The weights and probabilities for each rule are based on statistics collected (at a database) for each rule of the adaptive ruleset as well as the initial rule. Statistics may be collected for both individual recipients or for all recipients in a network employing the adaptive ruleset. Statistics are collected for each rule in light of the initial ranking. For instance, for each rule the following statistics may be calculated:
p1=no. of good messages [as rated by the initial rule] which satisfy the current rule/total number of messages that satisfy the current rule
p2=no. of good messages [as rated by the initial rule] which don't satisfy the current rule/total number of messages that do not satisfy the current rule
p3=no. of good messages [as rated by the initial rule]/total number of messages rated by the initial rule.
If the message satisfies a rule, the weighted probability or score is |p1−p3|*p1. The weight of the rule is |p1−p3| and the probability of the rule is p1. If the message does not satisfy the rule, the weighted probability is |p2−p3|*p2. Here, the weight of the rule is |p2−p3| and the probability of the rule is p2.
In an alternative embodiment, other weights for each rule may be used.

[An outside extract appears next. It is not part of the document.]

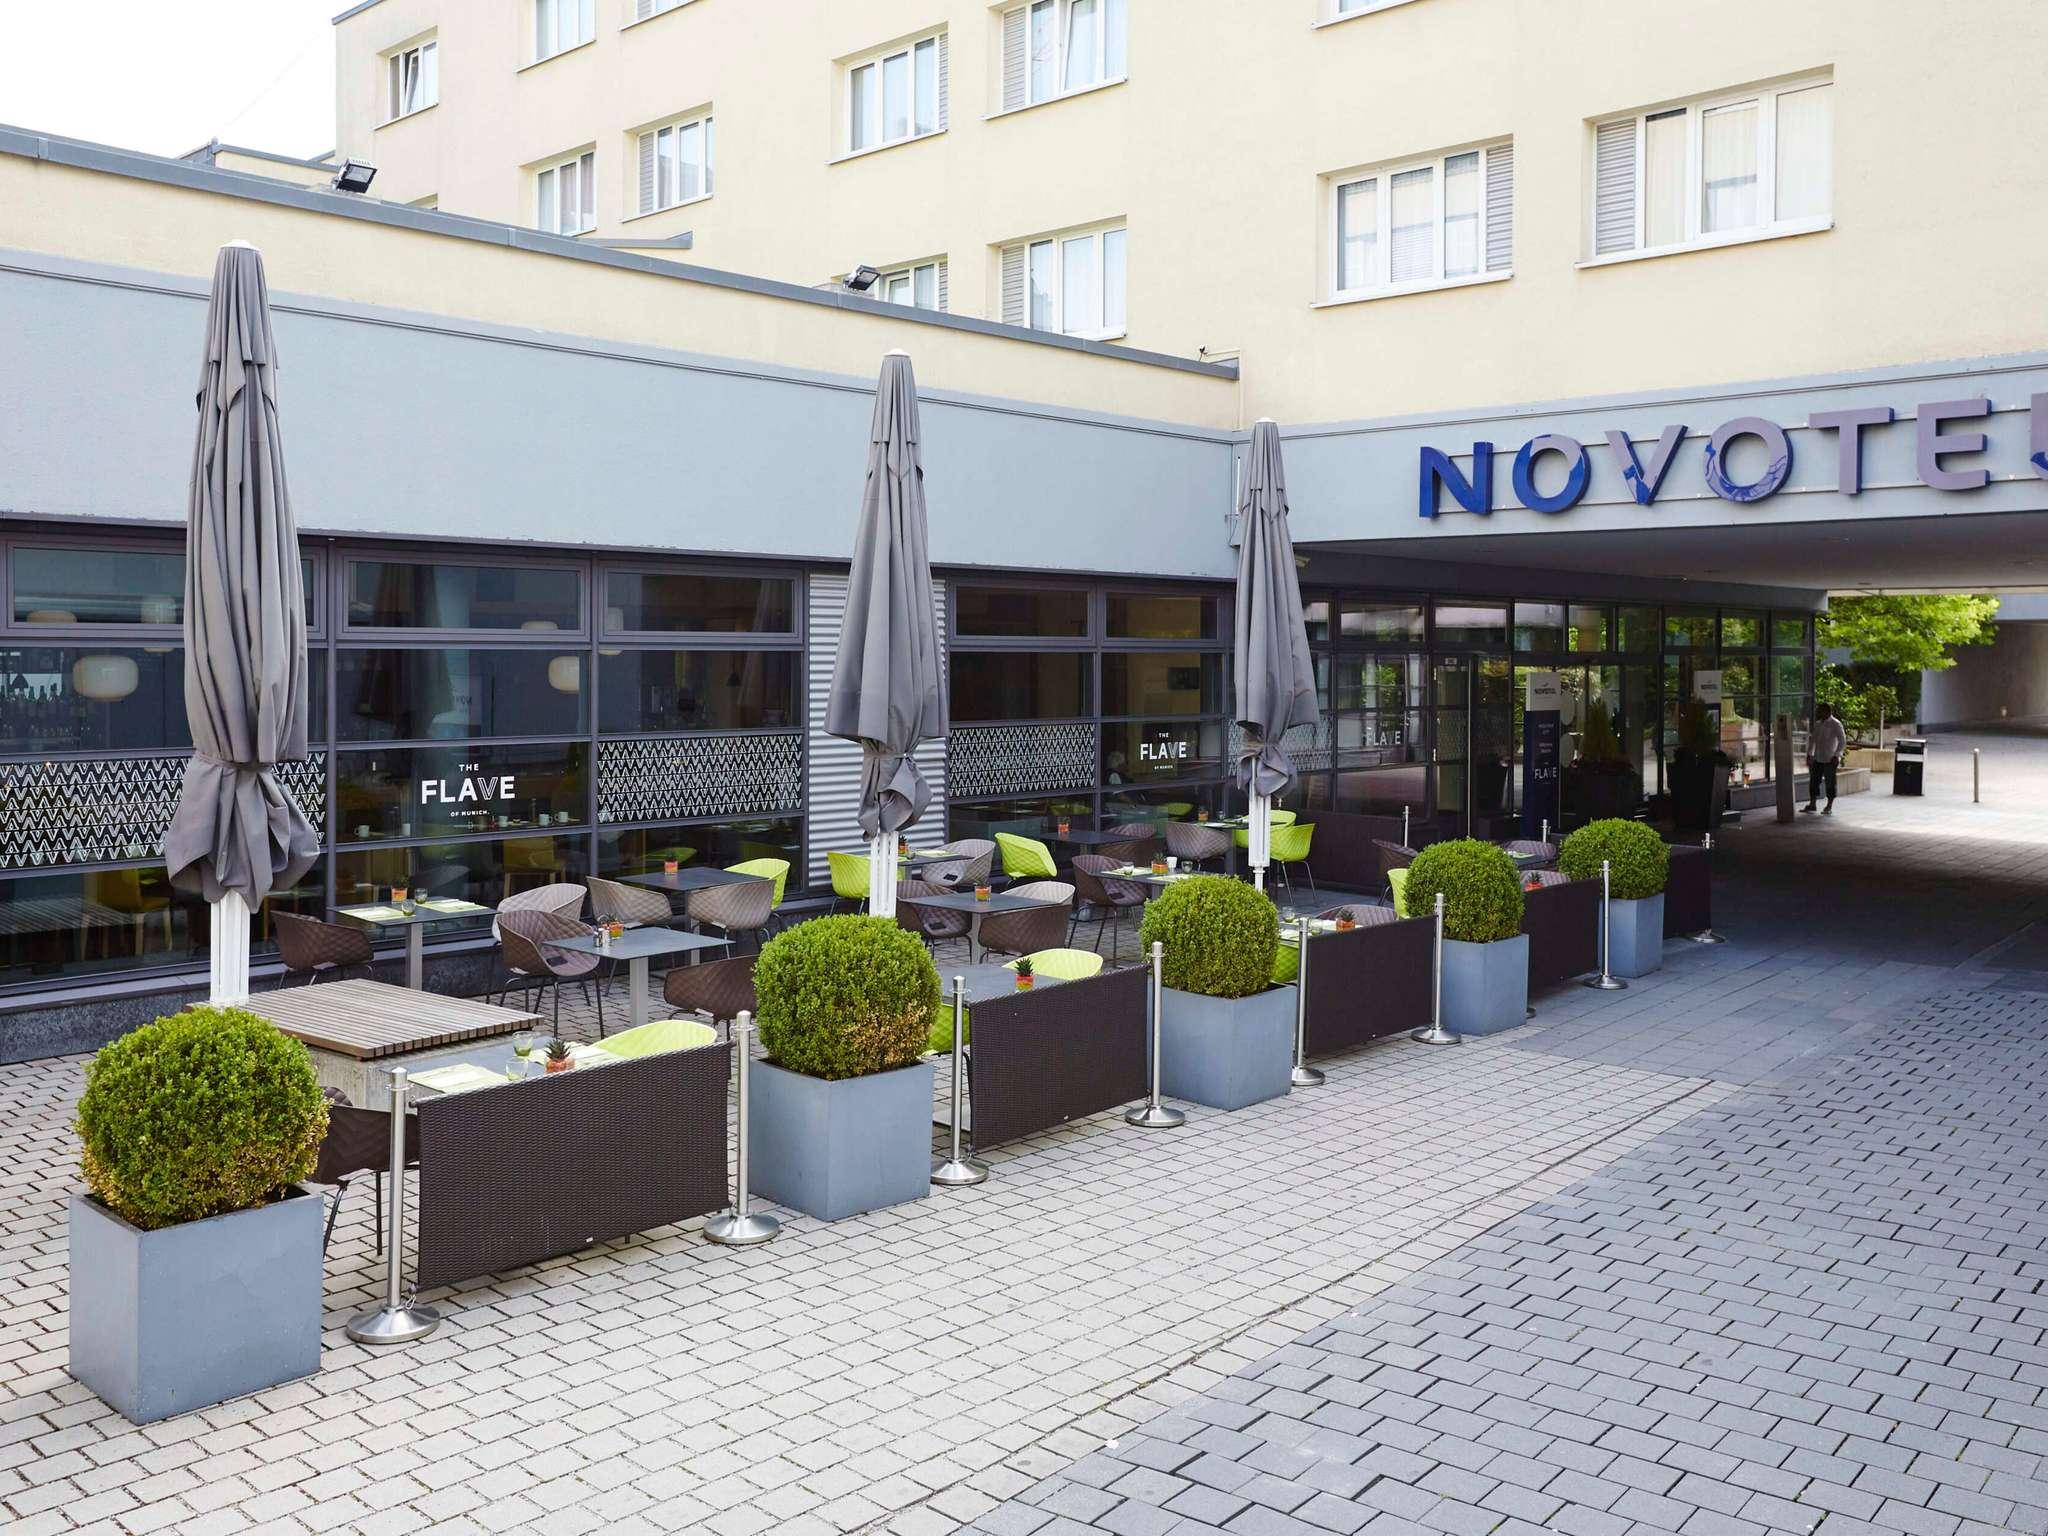 โรงแรม – โนโวเทล มุนเช่น ซิตี้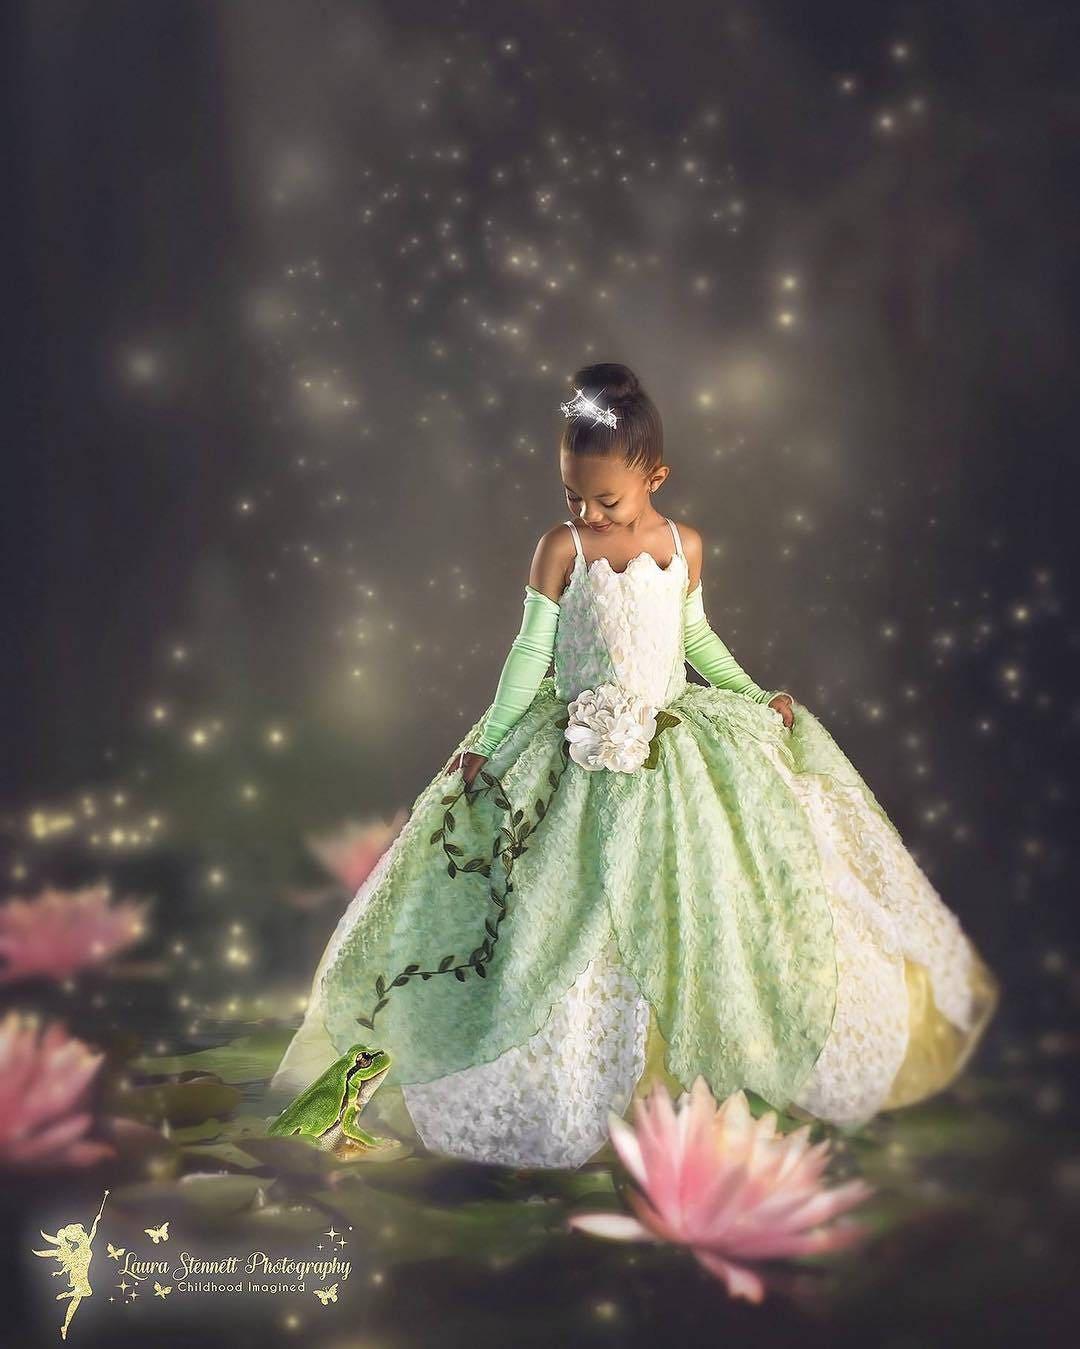 Princess Tiana Dress: Tiana Costume Princess And The Frog Gown Tutu Dress

For instance, the weight of p1 could be (p1−p3)2. The greater the difference between p3 and p1, the greater p1 should be weighted since the difference between p1 and p3 indicates the discriminatory power of the rule, i.e., whether p1 can differentiate the message as wanted or unwanted better than p3. (This method of weighting should also be consistently employed for the difference between p2 and p3.)
If a message is not helpful in differentiating wanted messages from unwanted messages, it will have a weight of zero or close to zero. For instance, suppose a rule is “message contains an odd number of characters.” Statistically, half of the messages received should satisfy the rule. Further suppose that 80% of received messages are unwanted. If 100 messages have been rated, p1=10/50, p2=10/50, and p3=20/100. Therefore, the weight of p1 would be |10/50−20/100| or 0 and the weight of p2 would be |10/50−20/100|, also 0. Since the rule does not differentiate between wanted messages and spam, the rule receives a weight of 0.
Returning again to
The statistics for each rule are updated each time a message is rated (for instance, by adjusting counters of messages that are rated, the number of good messages satisfying the current rule, etc.) (block 46). Results of each rating of a message are sent to the database, where the statistics for each rule (example p1, p2, and p3) are updated. Due to this updating activity, the weights for each rule adapt to the incoming datastream without any user input.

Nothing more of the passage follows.